More: Secretlab TITAN Evo 2022 Series review: The best gaming chair levels up
Do you use a single chair to work from home during the day, get in some competitive FPS gaming at night, and take the occasional weekend nap? Consider any one of the available ergonomically sound, completely understated gaming chairs with headrests and ample recline.
Are you instead focused completely on the ergonomic health a chair can provide, but still want it to be flexible enough to use in front of the TV? Take a look at any of the many office chairs designed in collaboration with medical professionals that also offer the adjustable arms and high-end support for all of your console and PC gaming use cases.
More: X-Chair X2 hands-on: I upgraded to a fancy office chair and I'll never go back
The point is that finding the best chair for you is almost completely unrelated to which side of the divide that chair comes from. Instead, it should be based entirely on which features matter most to you, how you plan to use those features, and what kind of budget you're aiming for once you find the ideal combination of those features.
This article was never meant to be an exhaustive list of specific products. Instead, it was created to help you understand how those products are marketed to you is less important than how well their specific feature sets actually suit you.
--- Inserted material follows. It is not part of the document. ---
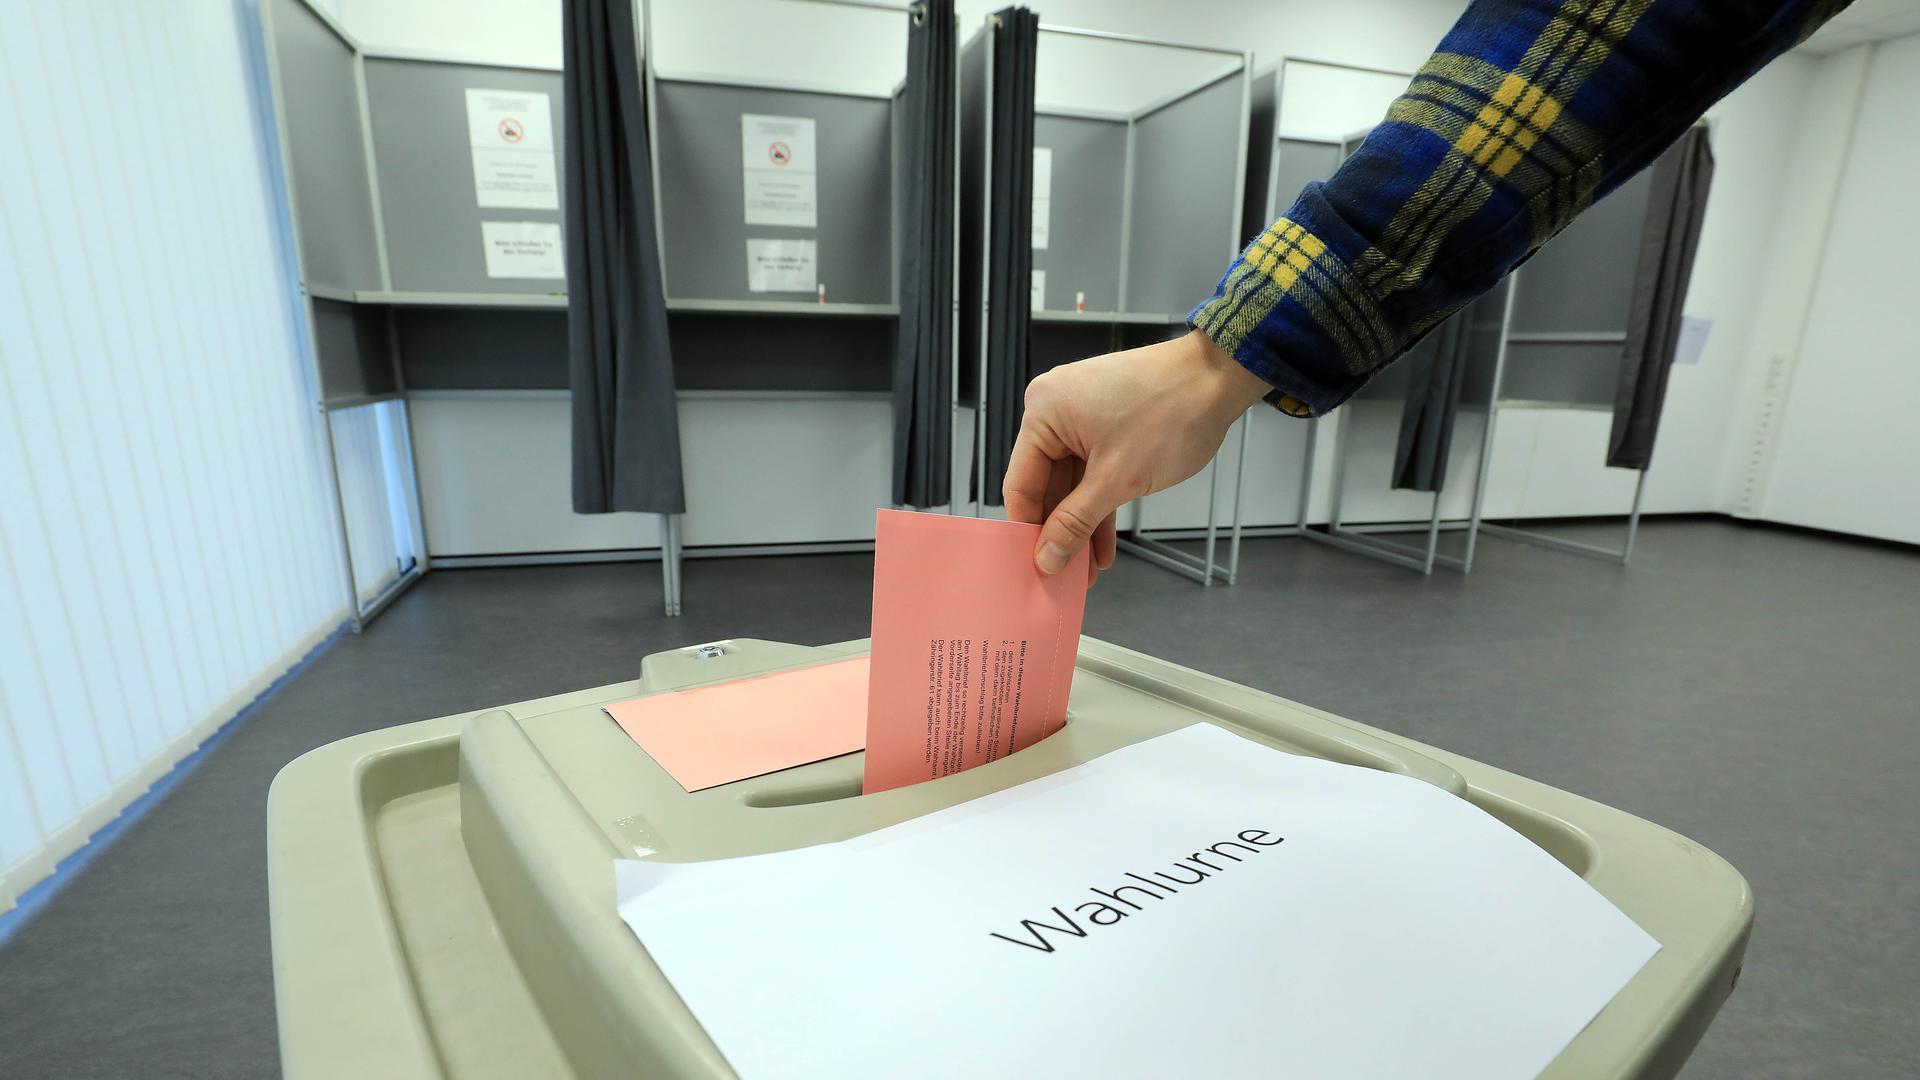 Jede Stimme zählt: Am Nikolaustag ist in Karlsruher OB-Wahl. Die Kandidaten präsentieren sich im Endspurt gerne auch auf Facebook und Instagram.

Focus on things like what kind of fabric or mesh feels most comfortable to you, what kind of arms are best for the type of gaming or work you do, and what type of aesthetic suits your home and potential video chat needs.
If you're a serious shopper, I would highly recommend checking in with the many informative buying guides ZDNet maintains precisely to help you find the best seat for you. They've been laced throughout this article, and a few more helpful, related guides can be found below.
I would also urge you to check out our reviews of several of the best, most popular chairs and other pieces of office and gaming furniture linked below. Each of these includes the best options in their category, and every single one offers solutions that would be right at home serving the right workaholic office jockeys, inveterate gamers, or anyone in between.
If I could offer only one piece of advice on the battle between gaming chairs and office chairs, it would be this: ignore it. Your comfort and aesthetics are what should be important to you. Look for a chair that takes those into account, not one that's primarily worried about which demographic label its marketing department would like to slap on you.